Tiffin swears that he's "a bit of a Shakespeare purist at heart," but you'd never guess it from this production. There have been productions of this play set in innumerable locales and time periods, but I've never seen one that played so foul with the tone of Shakespeare's text. Usually, when a director sets Shakespeare in Nazi Germany or the Antebellum South or whatever, it's with an eye to illuminating the text. In this case, what Tiffin has given us feels like a vision forced upon an unsuspecting play.
That's not to say that there aren't a couple of thought-provoking ideas amid all the raving. It's an all-male asylum, see, so Miranda is a boy (Danyel Lee). This fact breathes new life into the stock romance between Miranda and Ferdinand (Gareth Potter). Ironically, this element can be seen as faithful to the Shakespearean vision since in the original production, a boy would have played the female role.
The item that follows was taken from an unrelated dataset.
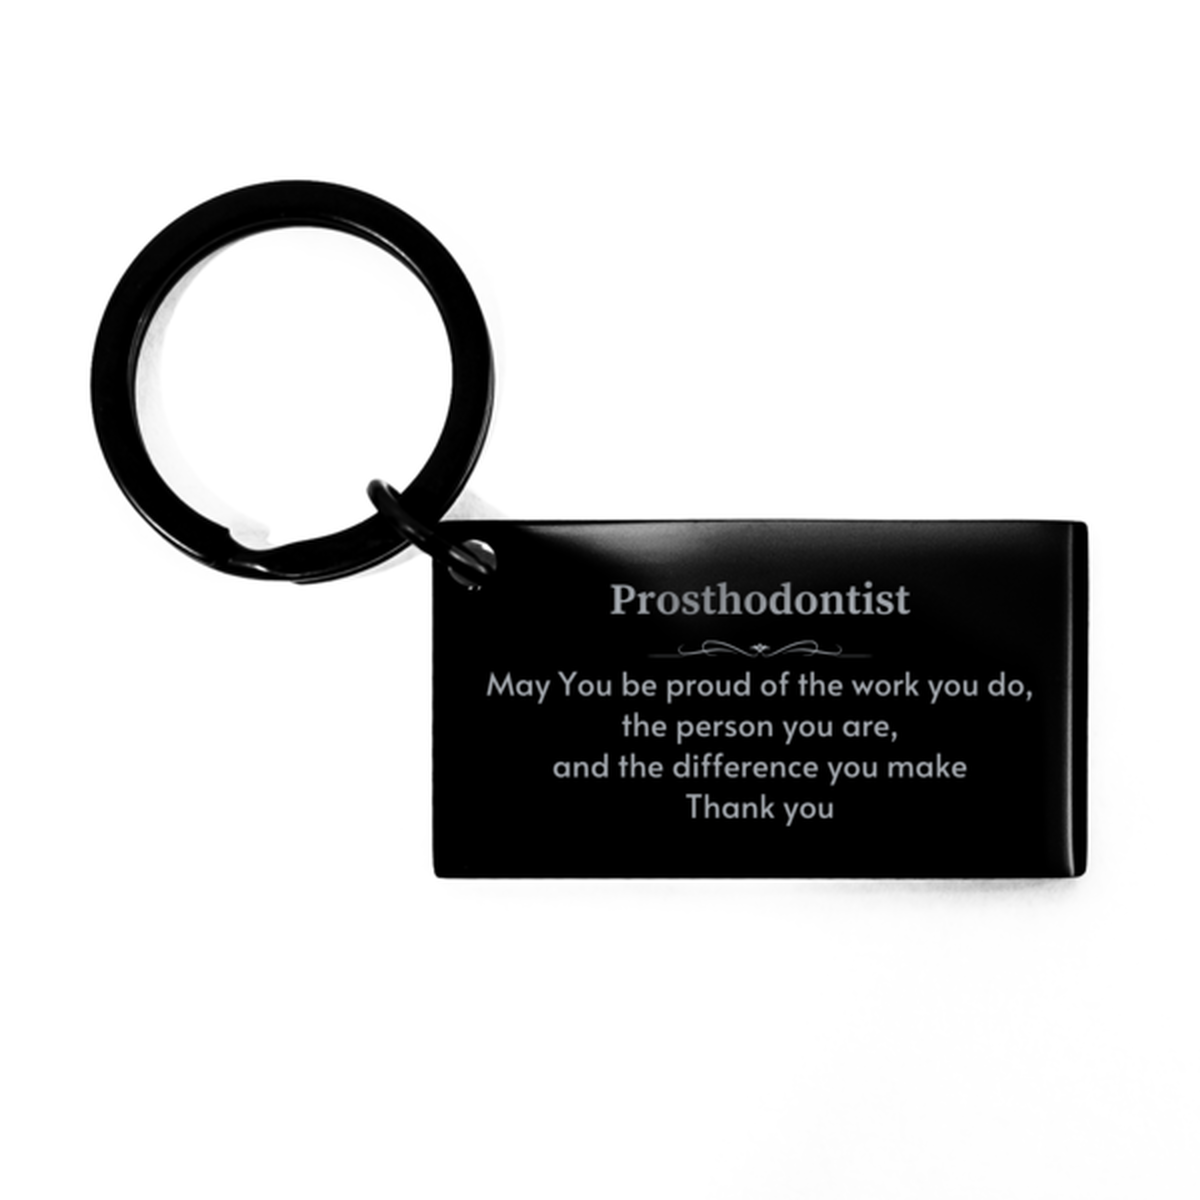 Heartwarming Keychain Retirement Coworkers Gifts for Prosthodontist, Social Worker May You be proud of the work you do, the person you are Gifts for Boss Men Women Friends

It makes you wonder if early audiences would have appreciated the gay subtext, and whether Shakespeare intended just that.
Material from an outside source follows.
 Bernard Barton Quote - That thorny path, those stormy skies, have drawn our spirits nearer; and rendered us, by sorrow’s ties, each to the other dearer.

I also liked that Prospero's faithful servant, Ariel (Tony Palermo) is made to look like a baby Prospero.
The casting of Caliban, the subhuman "slave" of Prospero, as a black man (Nwamiko Madden) is more problematic. The idea seems to be that Caliban is not the ugly monster everyone says he is, but only perceived as monstrous because he is different. Meanwhile, any impartial observer can see that he is the most beautiful person on stage. I assume that Gravy Bath is trying to make a statement about racism rather than a racist statement, but is it really necessary to make him sing like Harry Belafonte?
Tiffin's cuts and small changes to the text are not radical, but he might as well have eviscerated it, so much is lost to bad acoustics. This is mainly the fault of the set, which is no set. Sound ricochets around the naked stage and reaches your ear as mush.
It's a bold vision, I'll give this Tempest that. And Gravy Bath is a bold young company that does what it wants and damn the skeptics. You never know what they're going to surprise you with next, and that's reason enough to keep going back.